Fights cancer with vaccines and compounds found in nature

Chemist Samuel Danishefsky of Englewood, N.J., will be honored on March 28 by the world's largest scientific society for developing vaccines and new drugs to fight cancer. He will receive the Herbert C. Brown Award for Creative Research in Synthetic Methods from the American Chemical Society at its national meeting in San Francisco.

Danishefsky conducts his research at the Sloan-Kettering Institute for Cancer Research, where he is Kettering chair and director of the laboratory for bioorganic chemistry, as well as at Columbia University, where he is a professor of chemistry.

Anti-cancer vaccines stimulate the body's immune system to recognize and attack cancer cells. "We've identified components on the surfaces of cancer cells that are almost unique to cancer," Danishefsky explained. Vaccines mimic these components, training the immune system to see cancer cells as a threat.

Several vaccines developed by Danishefsky's research team are about to enter Phase II and III clinical trials. The team plans to test whether they help prostate- and breast-cancer patients live longer, as well as shrink their tumors.

Danishefsky and his group also fight cancer with laboratory versions of natural products, compounds that have evolved in other organisms as chemical defenses. In mice, for example, a group of bacterial chemicals called epothilones are more effective against cancer cells than Taxol(r). Their toxicity is now being tested in higher animals.

"Epothilones seem to have the same mechanism as Taxol(r)," said Danishefsky, "but they appear to be less vulnerable to the buildup of drug resistance.
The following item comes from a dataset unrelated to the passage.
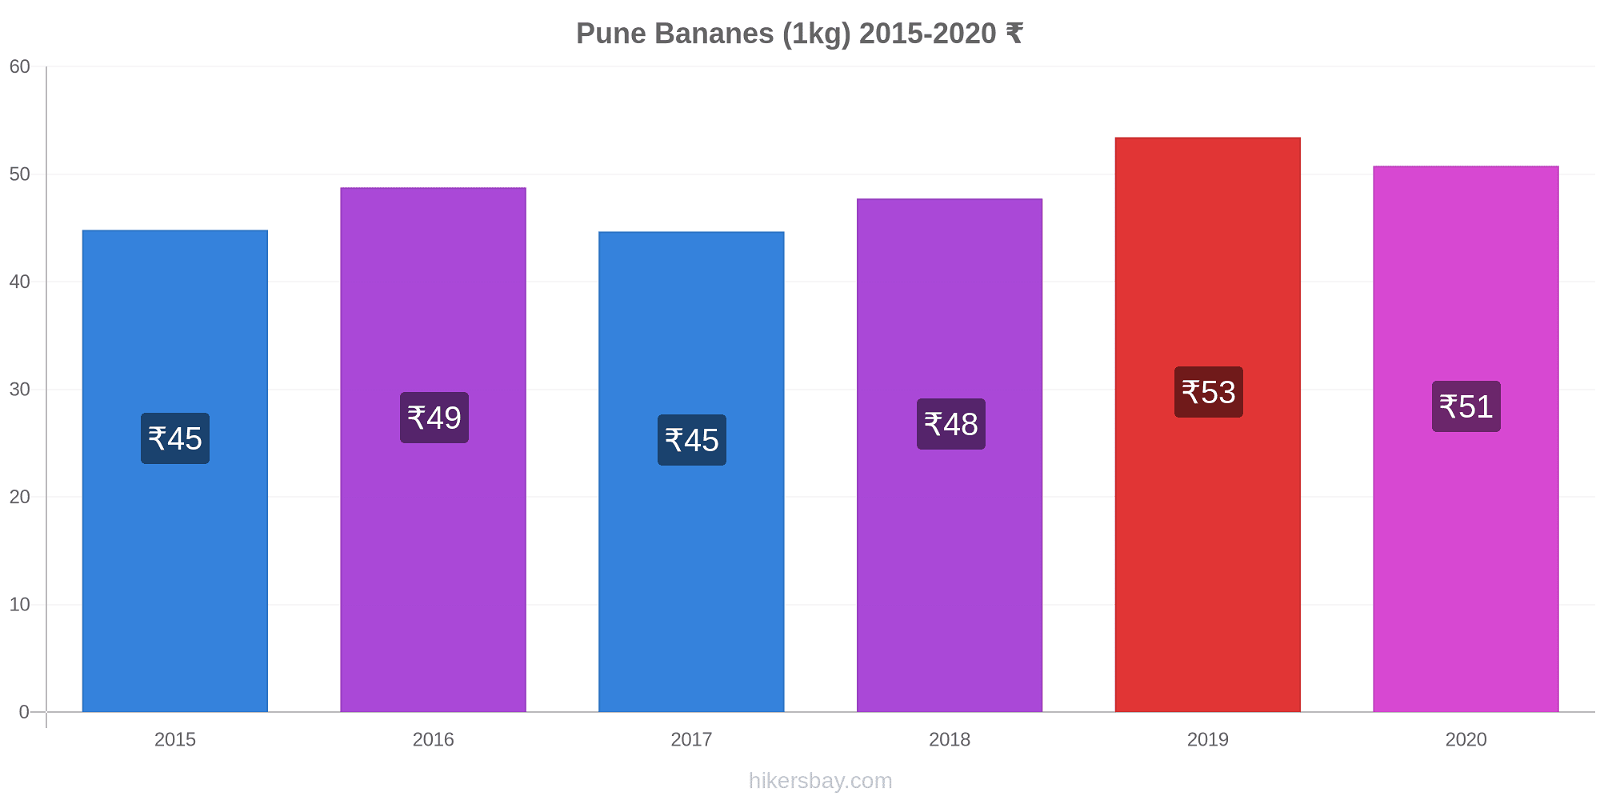 Pune changements de prix Bananes (1kg) hikersbay.com

That's a problem with Taxol(r)."

Danishefsky enjoys "the sheer challenge" of his field, as well as its potential to benefit humanity. The skills it requires he learned as a boy, he said: "It was as I studied Talmud that I gained appreciation for abstract logic and rigor, for patience and perseverance."

The Herbert C. Brown Award for Creative Research in Synthetic Methods is sponsored by Aldrich Chemical Co., Inc. of Milwaukuee, Wis.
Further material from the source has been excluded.